United Airlines has disclosed a $15 million investment in electric air taxi developer Eve and conditionally agreed to purchase 200 of Eve’s in-development aircraft.
The Chicago-based airline disclosed the deals with Melbourne, Florida-headquartered publicly traded Eve on 8 September. Eve is majority owned by Brazilian aircraft manufacturer Embraer.
“This marks another significant investment from United in flying taxis,” the carrier says, adding that such aircraft have “potential to revolutionise the commuter experience in cities around the world”.
“United’s investment in Eve was driven in part by confidence in the potential growth opportunities in the [urban air mobility] market and Eve’s unique relationship with Embraer, a trusted aircraft manufacturer,” United adds.
The aircraft deal is a “conditional purchase agreement” to acquire 200 of Eve’s four-seat electric vertical take-off and landing (eVTOL) taxis. United also secured options to buy a further 200 of Eve’s taxis.
It expects deliveries of the novel design could begin as soon as 2026.
“United’s investment in Eve reinforces the trust in our products and services and strengthens our position in the North American market,” says Eve co-chief executive Andre Stein.
United does provide additional details about the investment and did not immediately respond to a request for more information. It intends to join Eve in studying the “development, use and applications” of air taxis.
Michael Leskinen, president of United Airlines Ventures, the company’s in-house technology investment arm, frames the Eve deal as reflecting United’s commitment to achieving so-called “net zero” carbon emissions by 2050.
United has been an early supporter of the burgeoning but unproven air taxi sector. In February 2021, the airline said it agreed to purchase 200 of an eVTOL being developed by Eve competitor Archer Aviation.
The eVTOL agreements remain subject to considerable uncertainty, including the developers’ success in achieving regulatory certifications for their designs.
Eve’s conceptual four-seat aircraft will have 54nm (100km) of range, the company says.
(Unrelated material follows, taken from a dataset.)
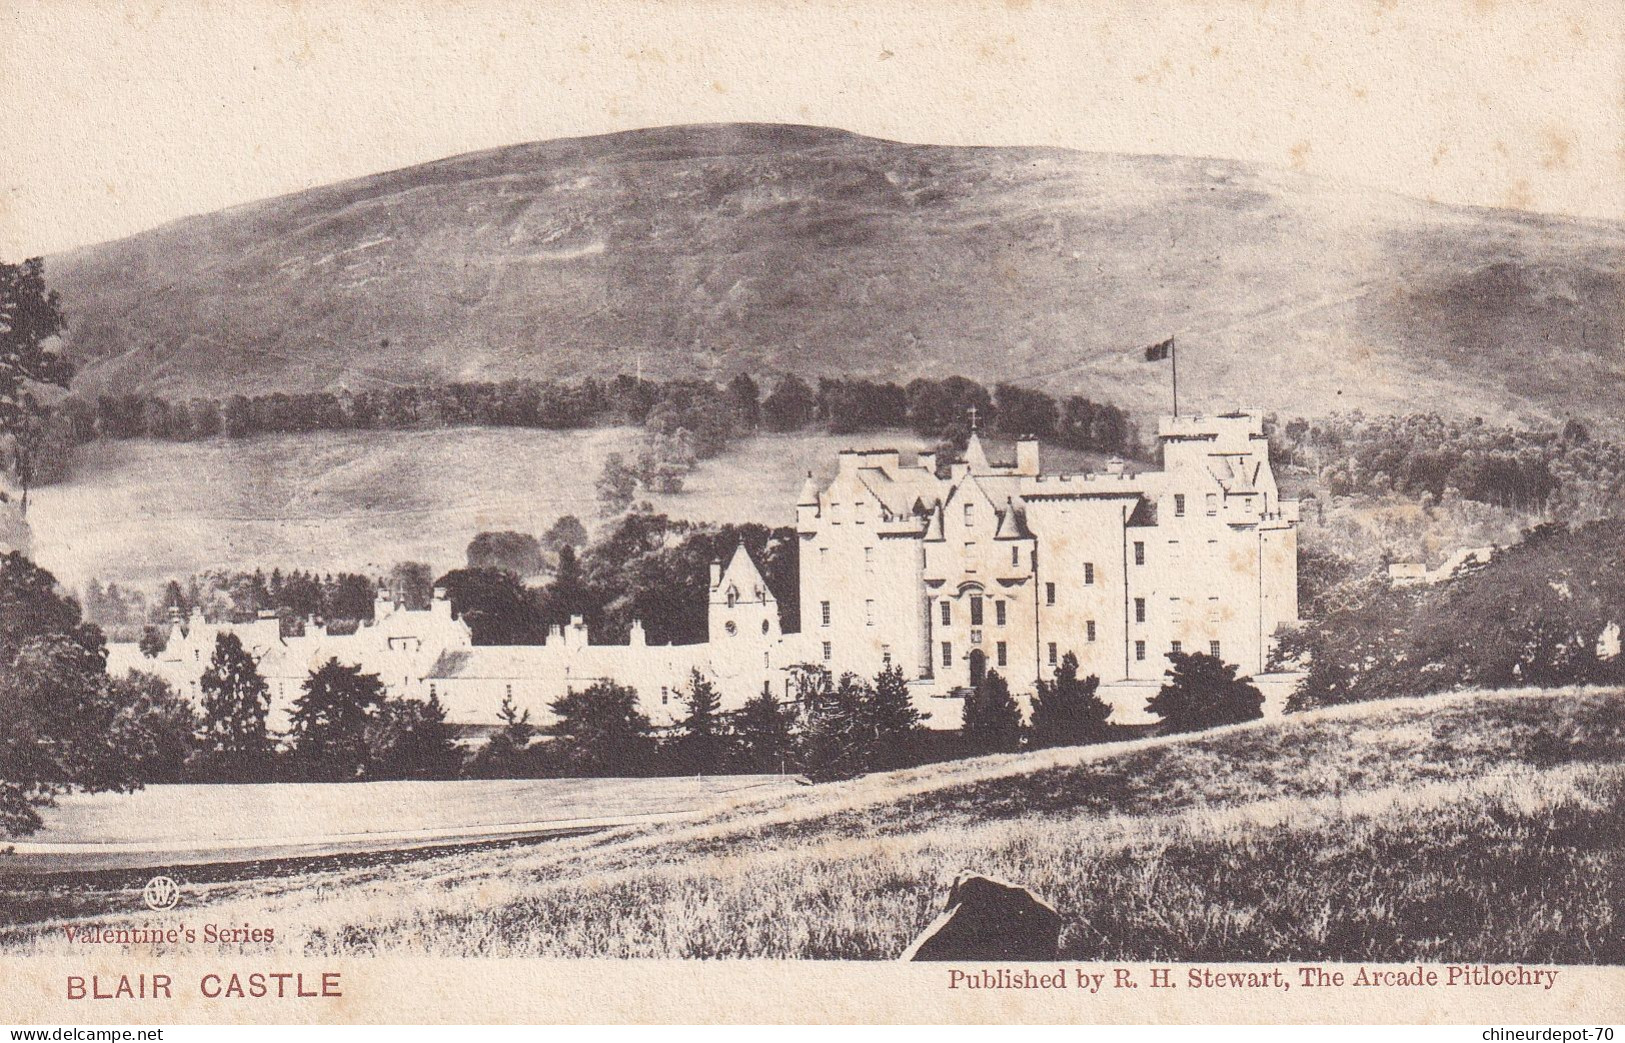 Valentine's Series BLAIR CASTLE Published By R. H. Stewart  The Arcade Pitlochry - Perthshire

The design includes conventional wings, with rotors and pusher props.
Eve has long stressed the importance of its relationship with Embraer, saying the Brazilian airframer’s engineering and certification support will provide valuable assistance with the difficult process of achieving regulatory acceptance.
United says its deal with Eve also “includes access to Embraer’s service centres, parts warehouses and field service technicians”.
“Upon entry into service, United could have its entire eVTOL fleet serviced by Eve’s agnostic service and support operations,” the airline adds.